In 2004, however, an almost intact leaf (BH1-19) of a similar document was acquired by the National Library of China. Published in 2008 (Zhang Zhan and Shi Guang), it appears to be the initial page of possibly the same letter and gives a more detailed historical context by referring to the defeat of the Tibetans at Kashgar which happened around 790.

The letter (translated by Zhang Zhan in Hansen, pp. 381-2) is from a Persian speaking Jew of Khotan to the ‘lord master’ Nisi Chilag, Abu Sahak and others on the subject of sheep trading. It lists bribes to officials, arranged no doubt in order of sociological importance and headed by a local ruler (dihgān) who can perhaps be identified with the King of Khotan or someone of equal status (Yoshida, p. 392). The gifts include a vase, scent, silk cloth, raw silk, sugar and other items which are not yet fully understood. Perhaps the most important information was the news from Kashgar that “They killed and captured all the Tibetans”. The writer himself contributed “a sum worth 100 strings of coins, or 100,000 coins” for the war effort.

As demonstrated by the montage above, the two documents are almost certainly part of the same letter with the National Library fragment forming the opening page and the British Library fragment a subsequent folio. From a morphological, palaeographical, and content-wise point of view we can be fairly certain that both were written by the same Judaeo-Persian trader. The author is identified in the second letter as ‘Sogdian,’ and despite being written in Persian, Yutaka Yoshida has convincingly argued on the basis of various sogdianisms in the letter itself that he was most likely a Persian speaking Sogdian Jew (Yoshida, pp. 390-92).
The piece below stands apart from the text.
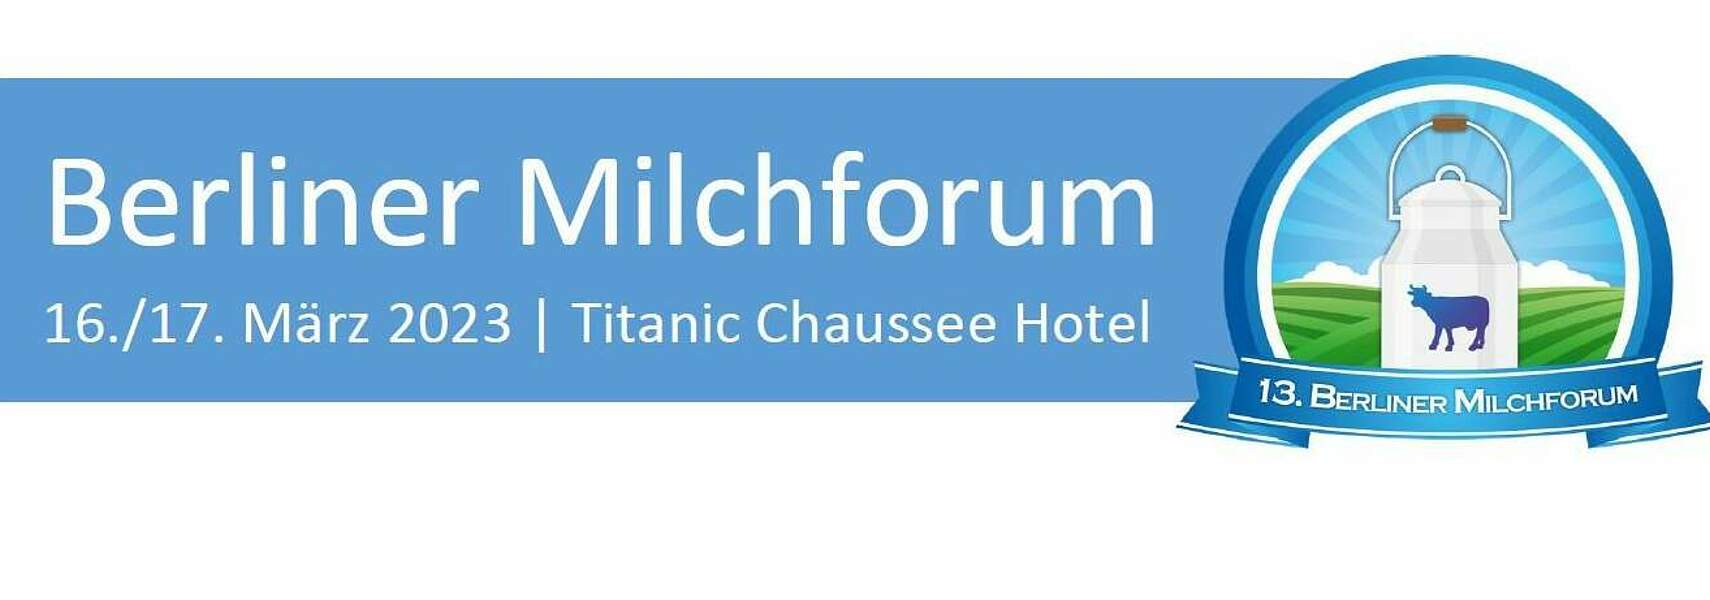 13. Berliner Milchforum am 16./17. März 2023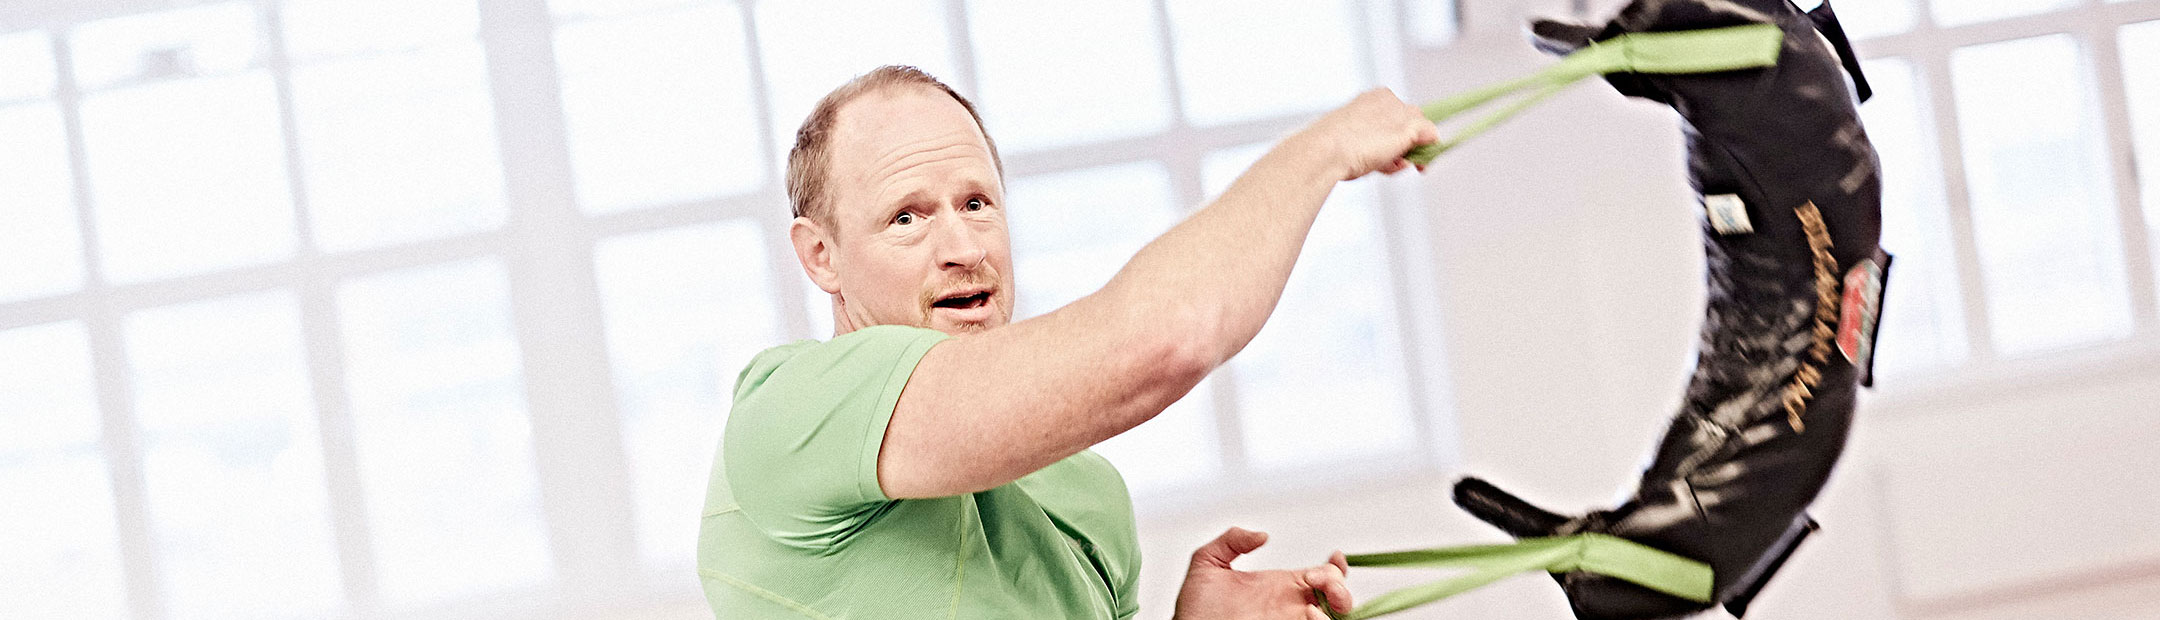 En man i grön t-shirt står i en träningssal och svingar en svart bulgarian bag åt sidan med båda händerna.

Taking both parts together the Dandan-Uiliq letter is probably the oldest surviving document of substance to be written in early New Persian, marking the first phase of the Persian language after the Islamic conquest. As such it provides important evidence for the development of the Persian language in addition to documenting the history of eighth-century Khotan.

(Via A Comprehensive Edition of Tocharian Manuscripts’ Facebook post.) And a happy Hanukkah to those of my readers who celebrate it!

Comments

  1. I am happy to see that that they specify that what they mean by “Judaeo-Persian” is merely “Persian written in Hebrew script.”

  2. I have been taught that Aramaic and its script had a long history of support and use in early Persian empires, and that the familiar Hebrew script was derived from Aramaic models.

    Is it by evolved differences in Hebrew script, or by the topics in the letter itself, that we know that the writer was Jewish?

    All those Nestorians wandering around central Asia, did they use Greek or Aramaic or don’t we know?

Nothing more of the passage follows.